Among the many factors that influence the acquisition of early literacy and numeracy, the cognitive executive functions play a major role [6]. Executive functions are “high-level cognitive processes that facilitate new ways of behaving and optimize one’s approach to unfamiliar circumstances” [3].

Miyake and Friedman [8] define three different skills of executive functioning: updating (constant monitoring and rapid addition/deletion of working memory contents), shifting (flexible switching between tasks or mental sets), and inhibition (deliberate overriding of dominant or prepotent responses).

According to the related literature, inhibition is particularly important to child development. Compared to other self-regulatory skills, the inhibition function is found to be the most important variable related to early literacy and early numeracy ability at kindergarten level [1]. Inhibition is generally assessed through specific tests that measure verbal and visuospatial abilities.

There are many specific tests to assess children’s inhibition; however, for those under the age of 8, the options are more limited [4]. Moreover, such tests are also time-consuming and deliver results that are valid only for a short-term period of time. So, a computational assessment of inhibition from learning data could be a very interesting tool. The possibility to easily identify children’s inhibition skills both in a short-term or in a longitudinal study could allow responses tailored to the needs of children with inhibition dysfunction during their first learning.

Searching the literature, we did not find any papers addressing the automated identification of inhibition. Therefore, we propose a new approach to automatically collect inhibitory features from students traces at kindergarten level. We collected the learning traces from an app used to aid children from 4 to 5 years old in the development of such skills.
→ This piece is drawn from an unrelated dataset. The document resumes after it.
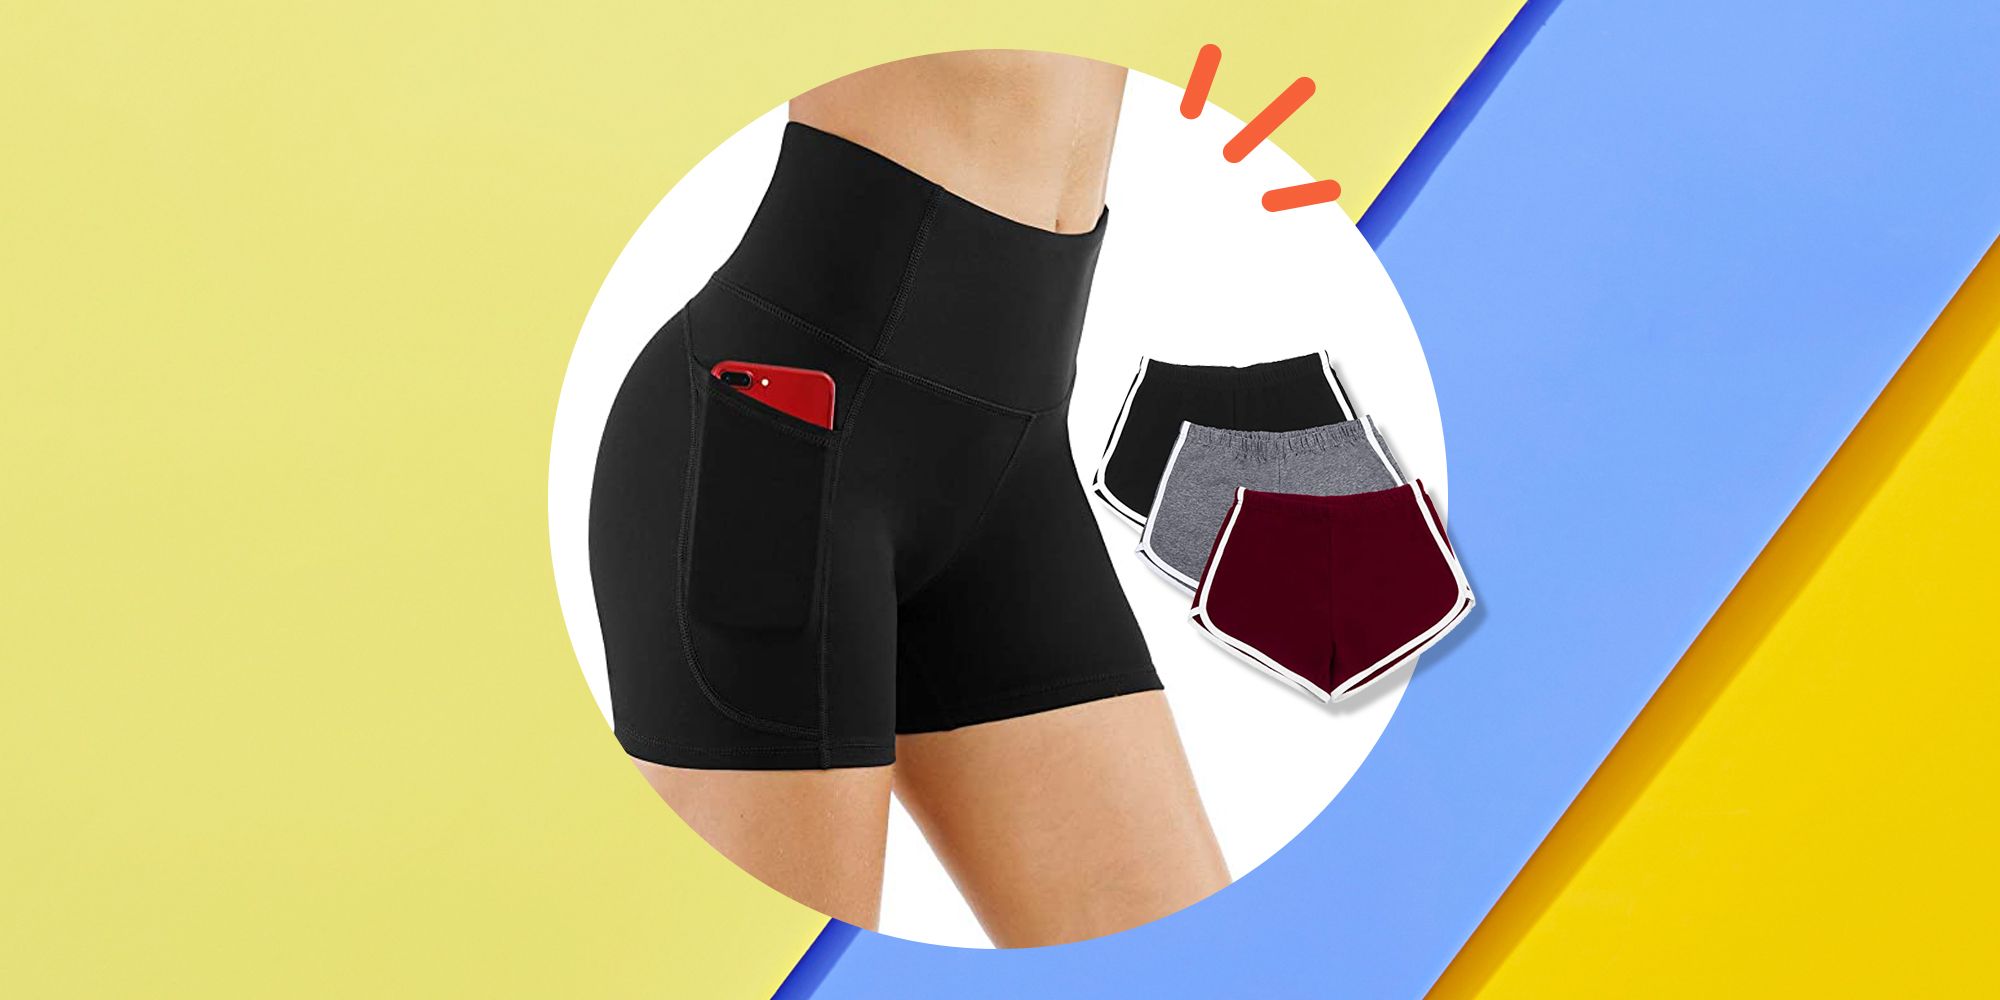 Bovodo High Waist Yoga Shorts with 4 Pockets Tummy Control Workout Sport Legging Non See-Through Yoga Shorts

We identify and derive three distinct features by combining different definitions of inhibition from the literature of psychology and neuroscience. Then, we propose three strategies to model these features based on the students’ traces (Sect. 3). To the best of our knowledge, this is the first attempt to isolate inhibitory features.

2 Conceptual Foundation

Early literacy could be defined as the acquisition of the skills, knowledge, and attitudes that are the developmental precursors of conventional forms of reading and writing [11]. On the other hand, early numeracy refers to a lot of concepts and skills that develop together following the same learning trajectory [10].
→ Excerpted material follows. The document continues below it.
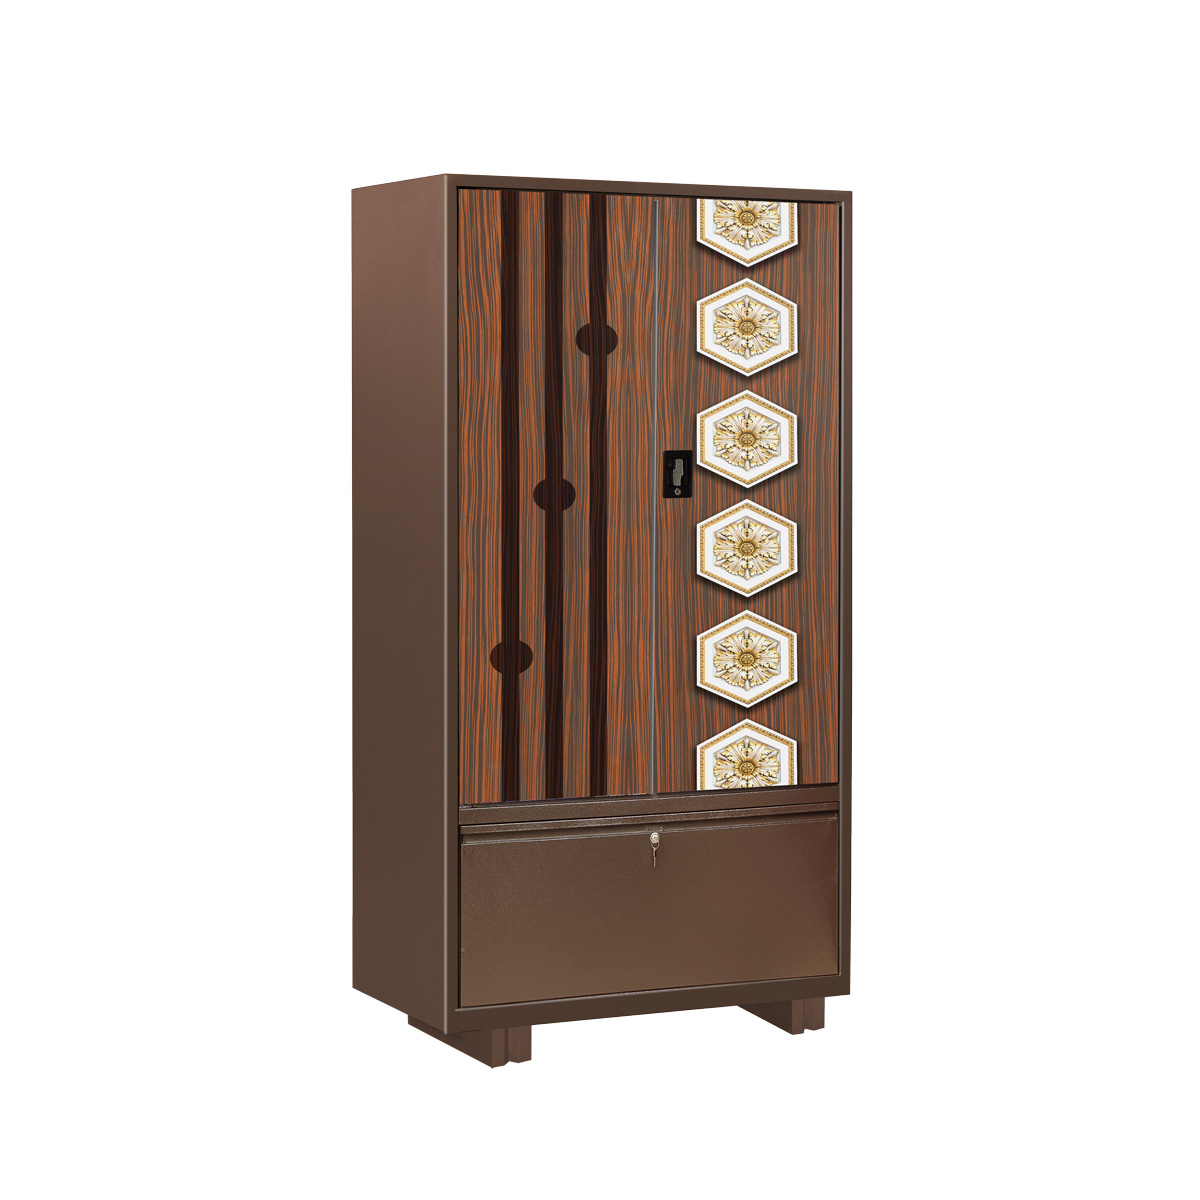 Locker System Almirah | Regal Furniture

According to Diamond, inhibition “involves being able to control one’s attention, behavior, thoughts, and/or emotions to override a strong internal predisposition or external lure, and instead do what is more appropriate or needed” [2]. Another well-known definition of inhibition is given by Miyake et al.: “one’s ability to deliberately inhibit dominant, automatic, or prepotent responses when necessary” [9]. In both definitions, it is clear that the notion of inhibition is related to a deliberate suppression/override of a (wrong) predisposition/response. There is an important difference between this effort-aware suppression of prepotent answers and automatic suppression of a wrong answer. In the first case, the executive function of inhibition is required (interest of this paper). The second case is when a correct behavior/answer is already internalized.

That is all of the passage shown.